White Hat Hackers – the forgotten good guys

Last week on the GFI blog we discussed why hackers do what they do. Today we will be looking at ‘white hat hackers’ and why most of the time they are the forgotten good guys in the IT world today.

The word hacker has a long history of controversy over its precise meaning. Mostly it refers to bad guys, those that break into computers to steal, spy or cause damage but that’s not all it encompasses. Many ‘ethical’ hackers took umbrage at this name and tried to convince the world that not all hackers were so awful, and the bad apples should be given a new name – a phracker.

The same motive was behind the term ‘cracker’. Neither of these terms exactly caught on, so the notion of a White Hat Hacker emerged – those that use hacking techniques to ultimately strengthen an organization’s security, and who are often paid handsomely to do so.

White Hats that aren’t on the payroll sometimes come across a vulnerability. Instead of using it to cause harm, they privately disclose the hole to the vendor or organization that has it, and this vulnerability only goes public when the hole is closed or a patch is made available.

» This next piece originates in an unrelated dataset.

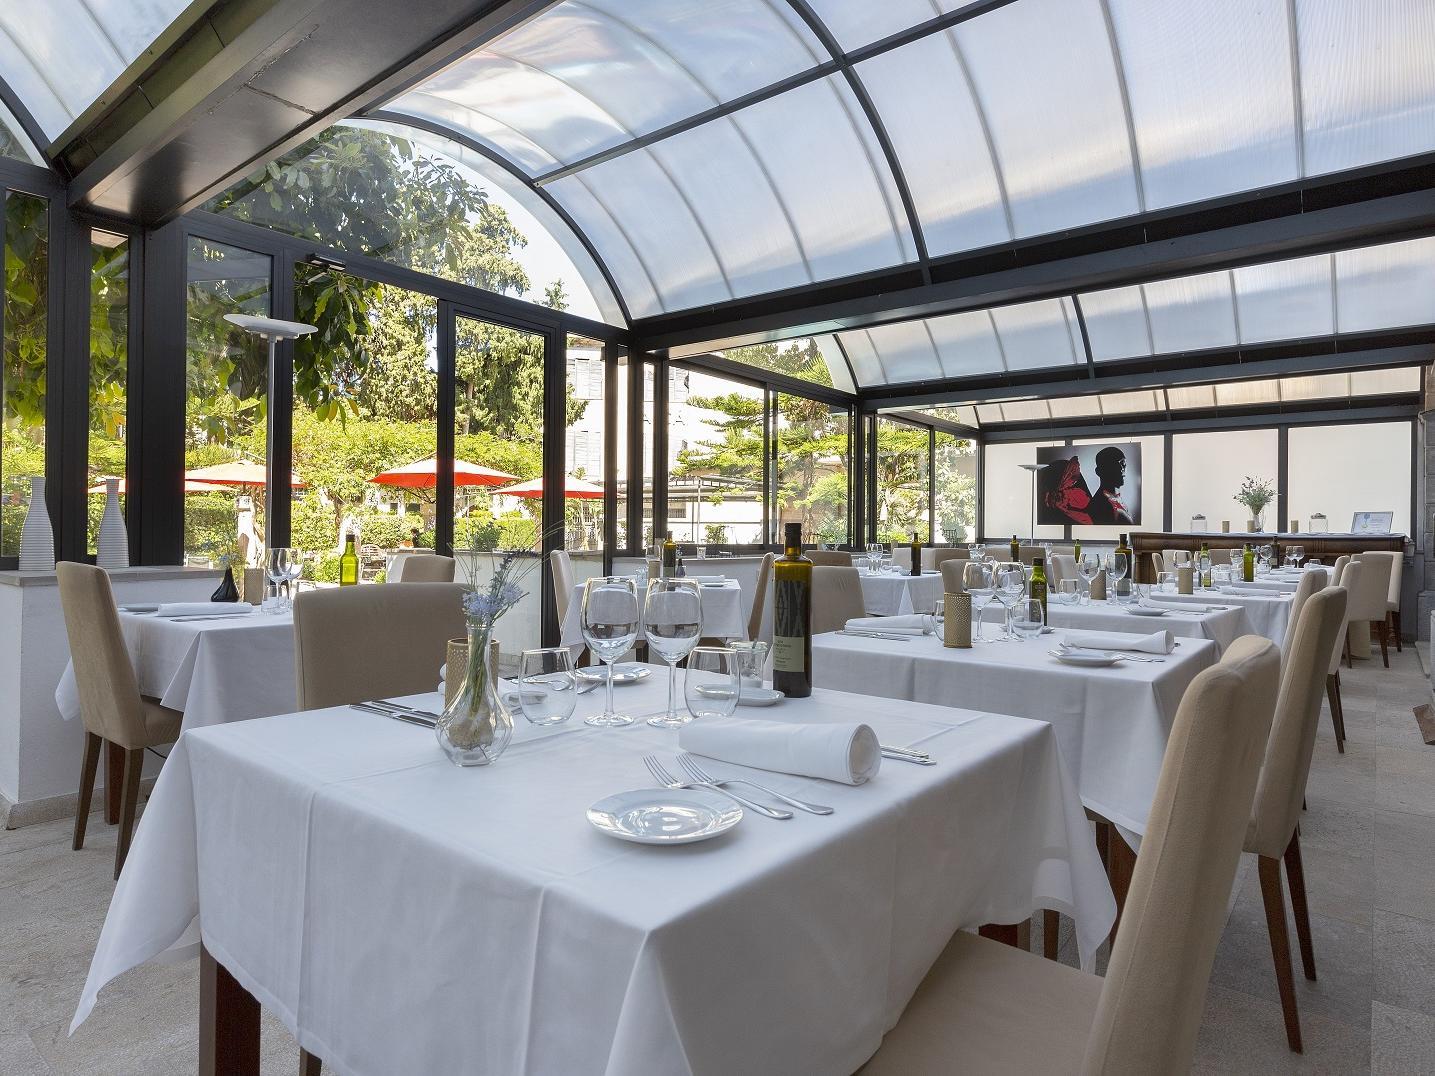 Gran Hotel Sóller | 5-Star Hotels in Sóller Majorca

On the opposite side of the spectrum, in this world view, are Black Hat Hackers who do bad things and whom most just call hackers. In between are the Gray (or Grey) Hats (depends on which side of the pond you live on). The name really came into existence when L0pht used it to refer to their group. While they had the trappings of hackers, the group’s members had as their aim the improvement of computer security just like the White Hats – they just weren’t quite as pure.

The group went fully legit by merging with @stake, a commercial security company turning hacker expertise into true SMB and enterprise protection. The term is actually subject of a copyright from Greyhat, LCC, a security firm founded in 1998 who got the rights to the name the year before.

Like the term hacker itself, Gray Hat can have a number of meanings, everything from how folks disclose vulnerabilities to vendors, to those that are legit security pros by day and Black Hatters by night.

Which leads us to explore more fully Black Hat Hackers, a term not even needed if all hackers were truly all bad. For some the term Black Hat is a badge of honor they bestow upon themselves and these are the folks the rest of the internet really needs to worry about.

Patch industry needs White and Gray Hats

Patch vendors, such as GFI who have solutions such as GFI LanGuard intended to scan networks and manage patches, rely on the White and Gray Hats to help them identify computer vulnerabilities that need to be fixed. Software vendors such as Microsoft, Oracle and Adobe don’t spend the time to find all their own vulnerabilities, and in all fairness it is difficult to find one’s own flaws. White and Grey Hats are also slowly grabbing a bit of the spotlight with initiatives such as the Pwn2Own hacking contest organized by Hewlett-Packard as part of their Zero Day Initiative (ZDI). In this contest a number of hackers work to exploit a number of unknown vulnerabilities in Google’s Chrome, Microsoft’s Internet Explorer, Mozilla’s Firefox and Apple’s Safari browsers together with other software such as Adobe Reader and Adobe Flash Player plug-ins. In the 2015, hackers were awarded a total of $317,500 on the first day of the contest.

So let’s try and break this myth about all hackers being bad and hats off to the White and Gray Hats for all their work in keeping our networks safe.